-- Work task --
Reproduce the section of the listing that begins at the line containing "Candidatas a Miss" and finishes at the line containing "Cómo debe ser". Include both end lines and nothing beyond them.

-- Task data --
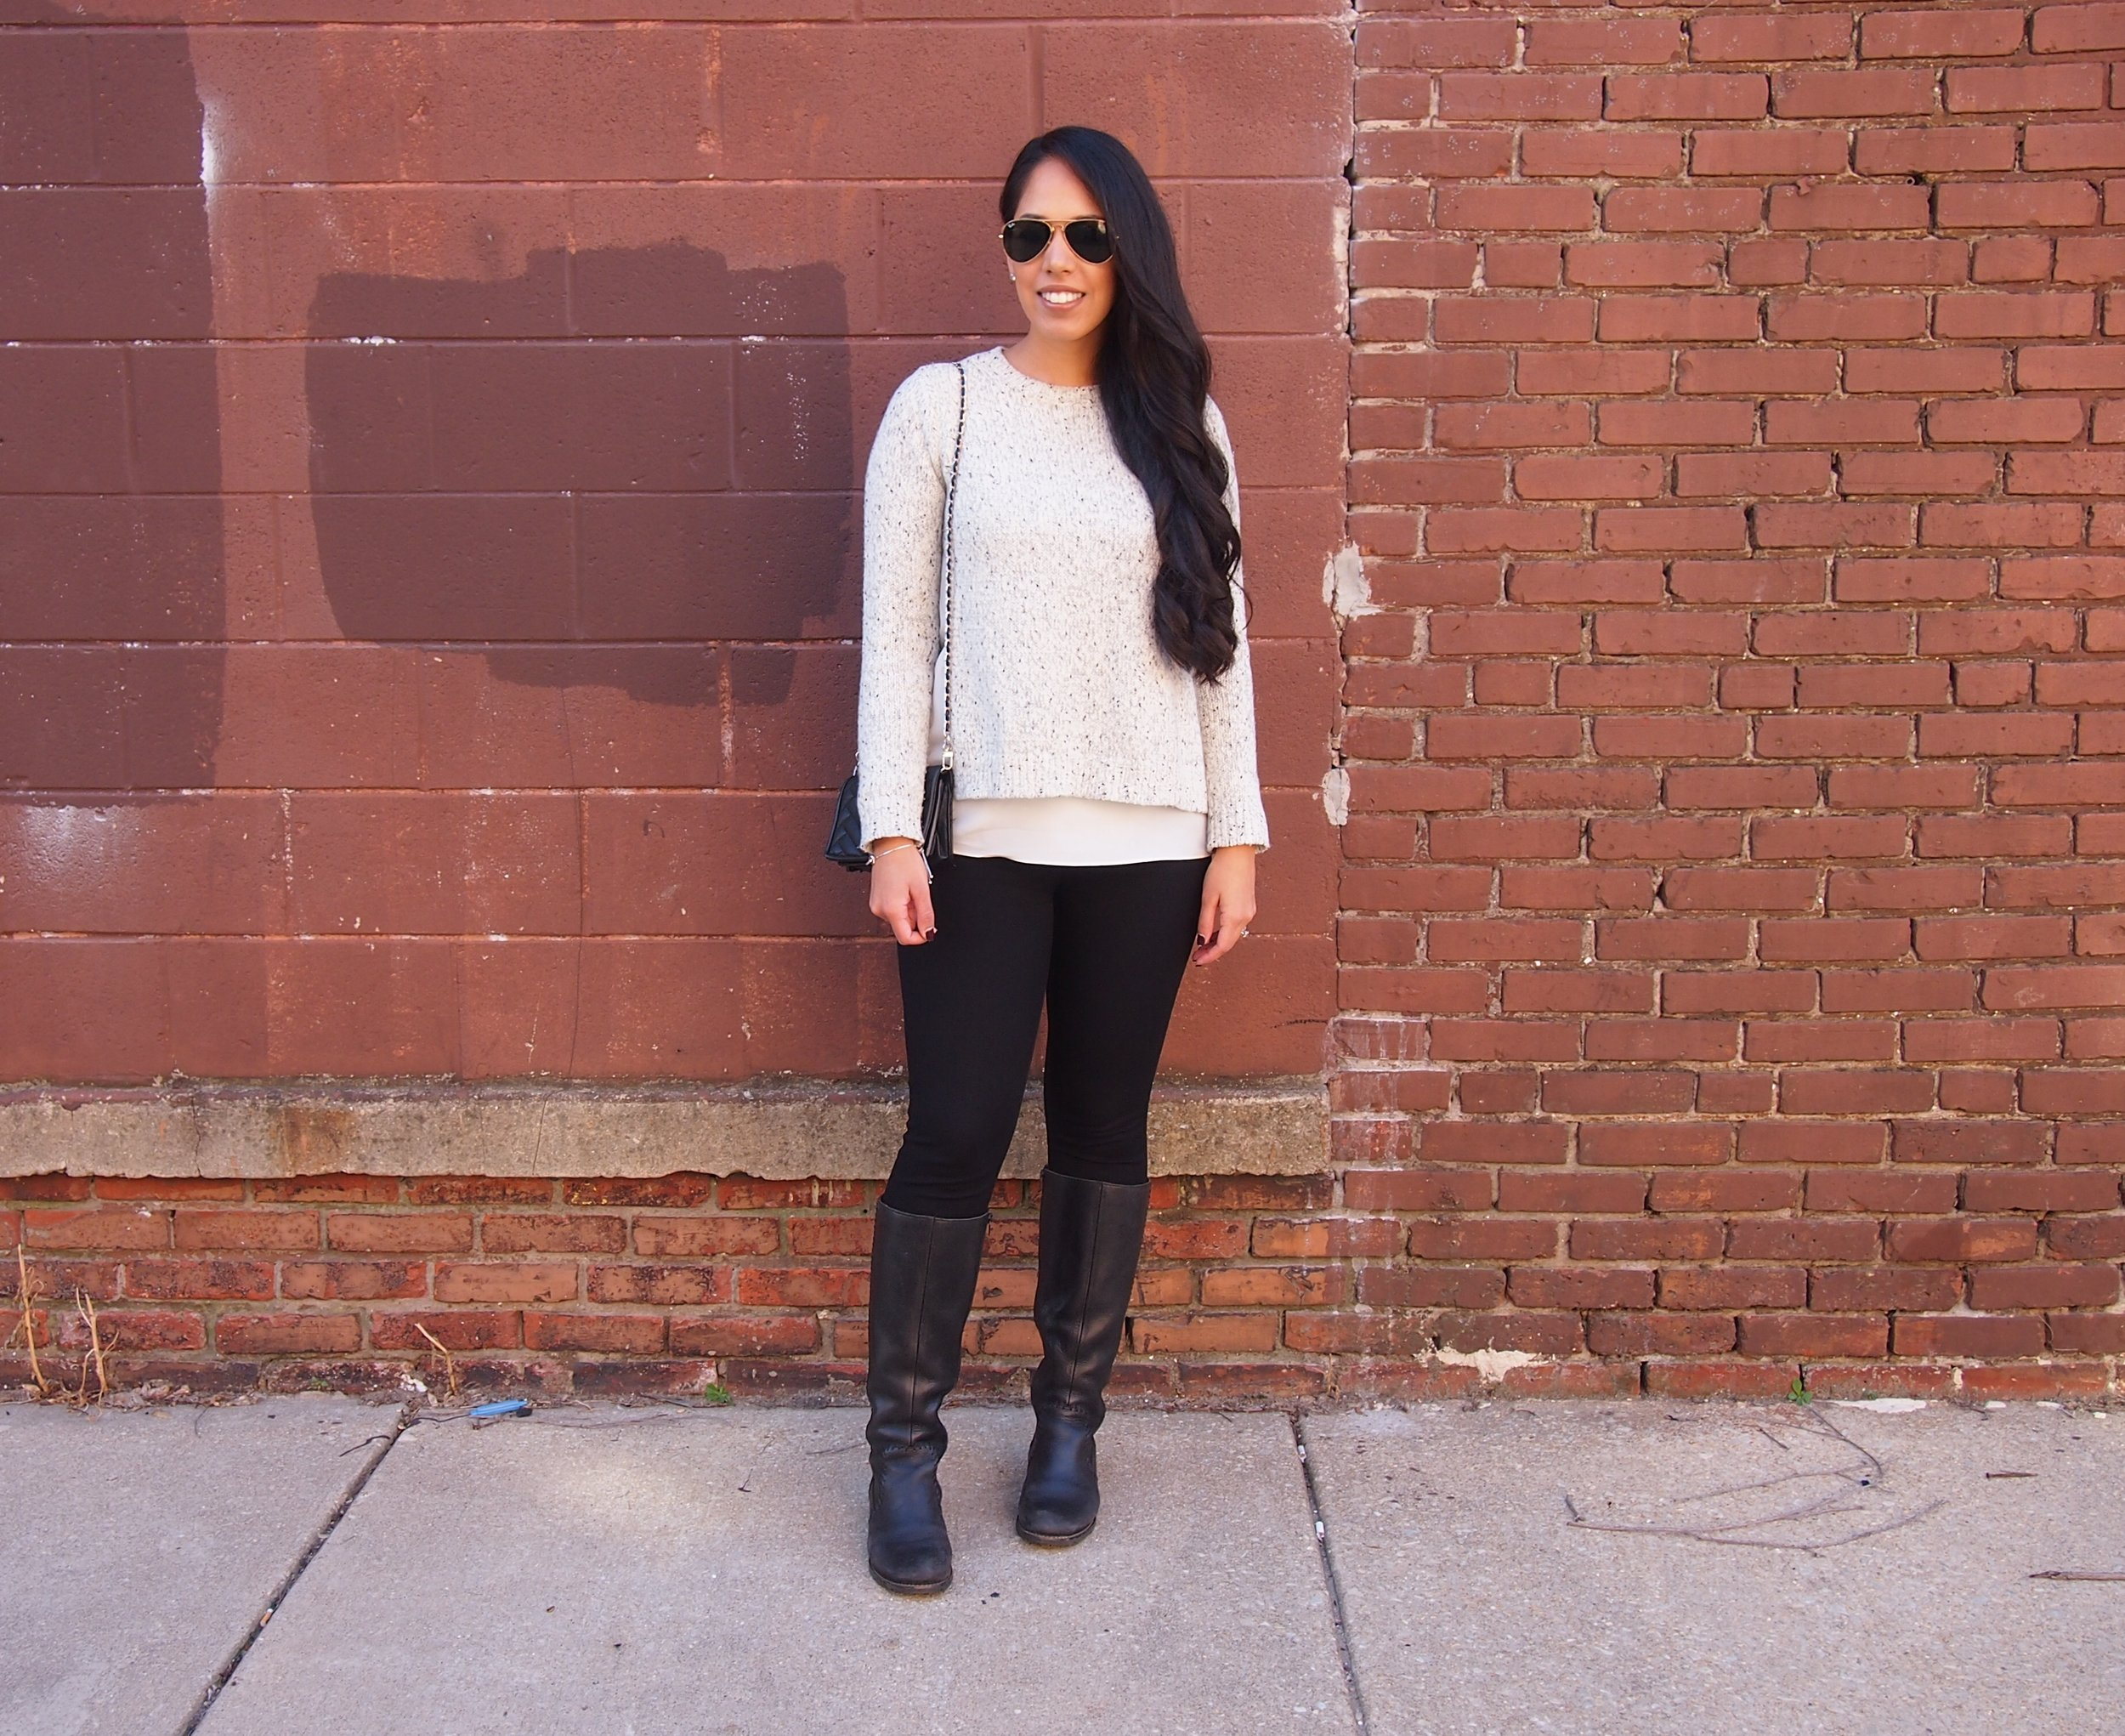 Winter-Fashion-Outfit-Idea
--
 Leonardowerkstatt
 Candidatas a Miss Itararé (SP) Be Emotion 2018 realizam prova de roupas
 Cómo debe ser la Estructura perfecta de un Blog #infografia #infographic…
--
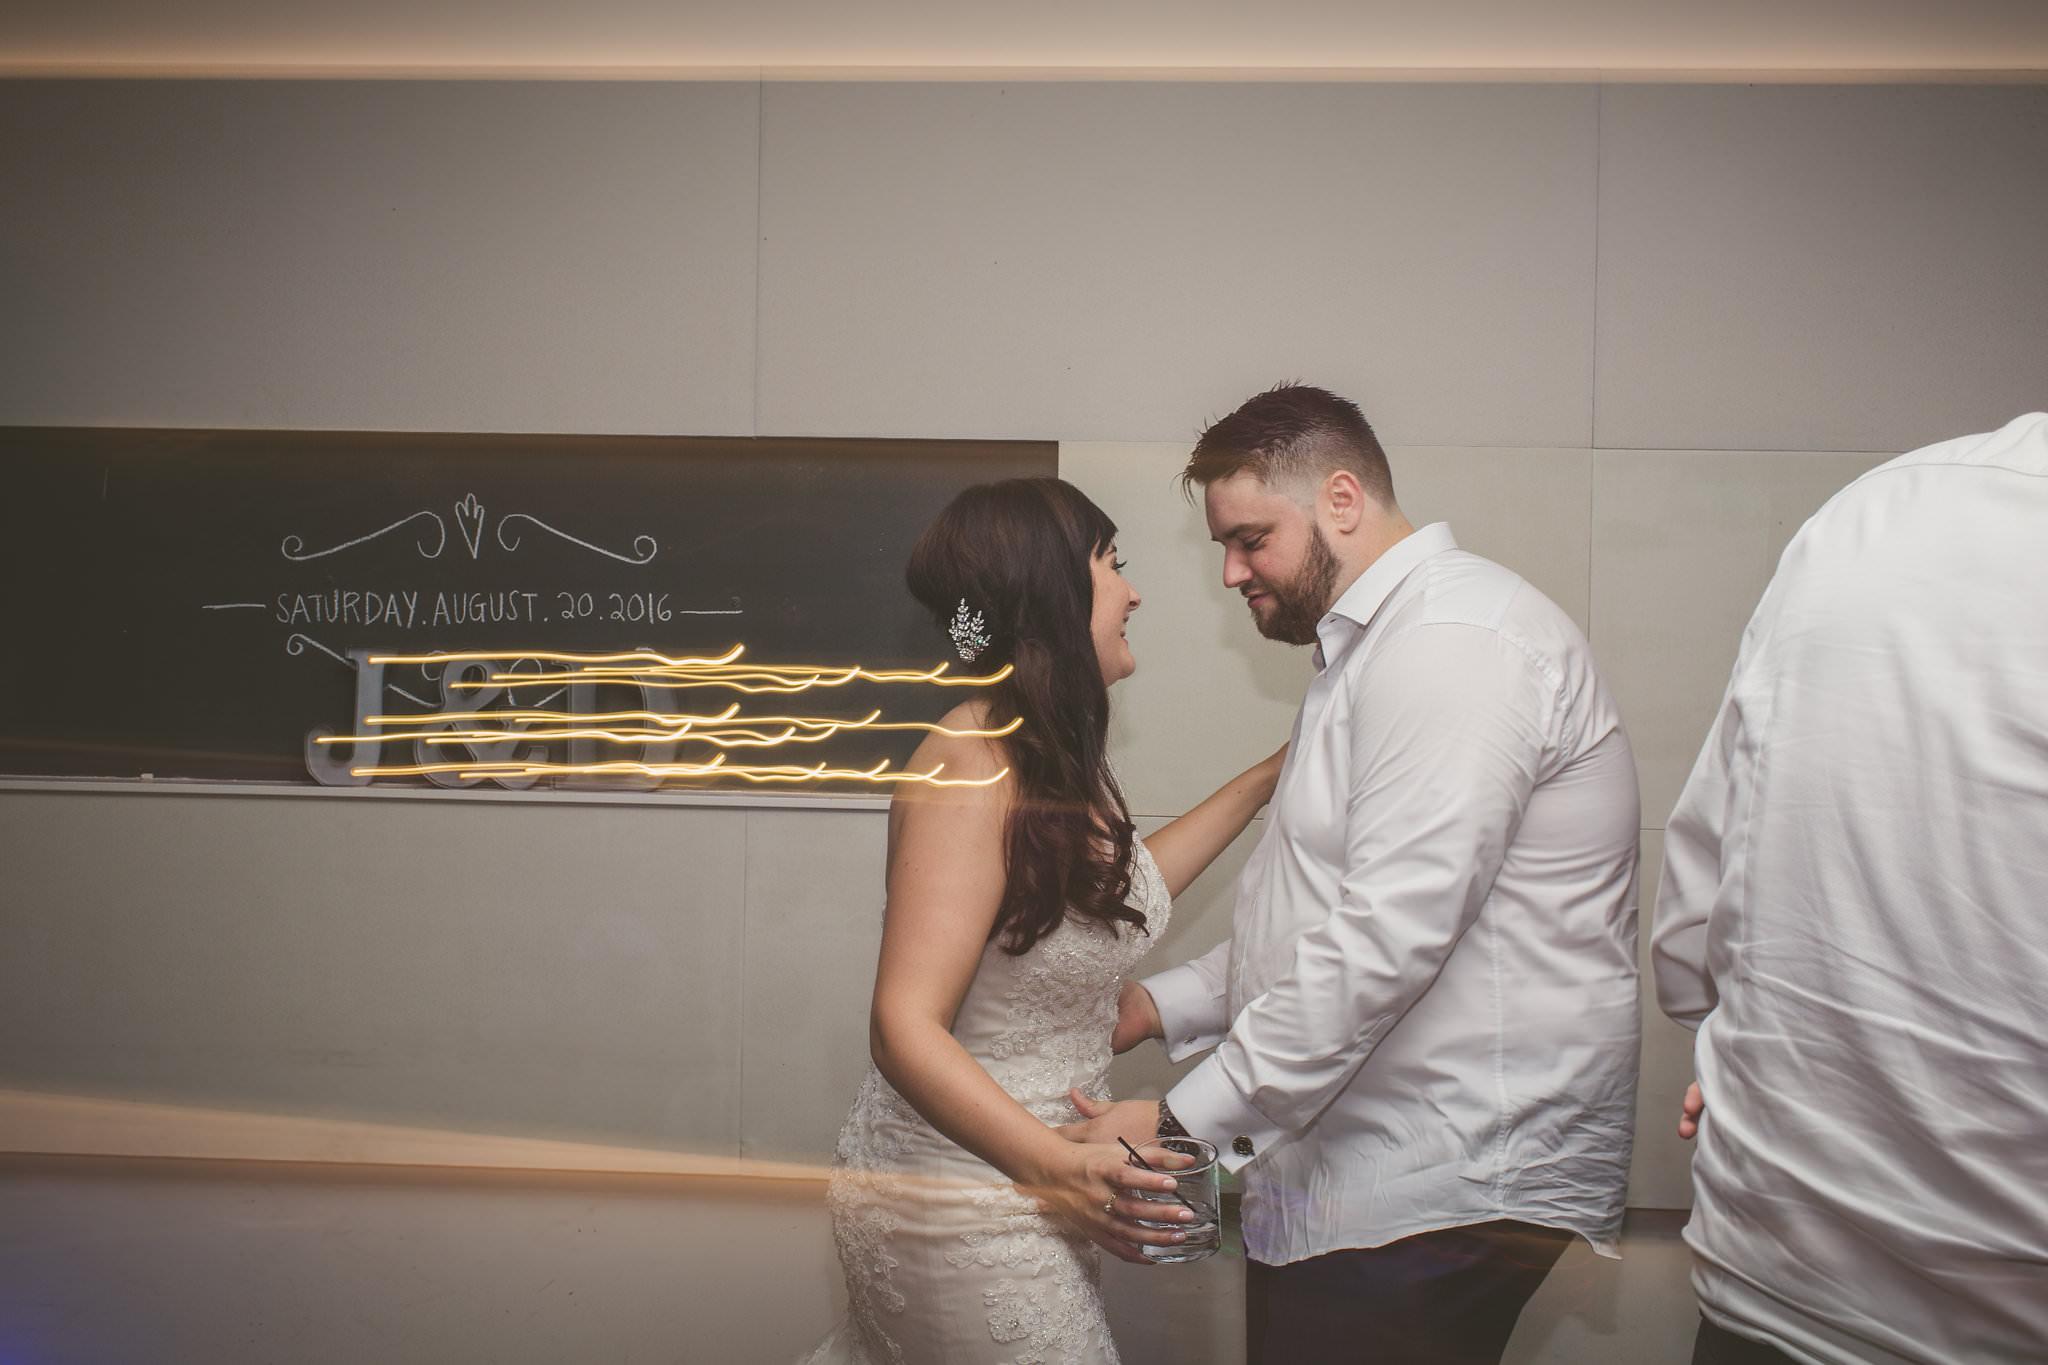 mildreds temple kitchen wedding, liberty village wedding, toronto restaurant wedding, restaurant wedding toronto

-- Solution to the exercise --
 Candidatas a Miss Itararé (SP) Be Emotion 2018 realizam prova de roupas
 Cómo debe ser la Estructura perfecta de un Blog #infografia #infographic…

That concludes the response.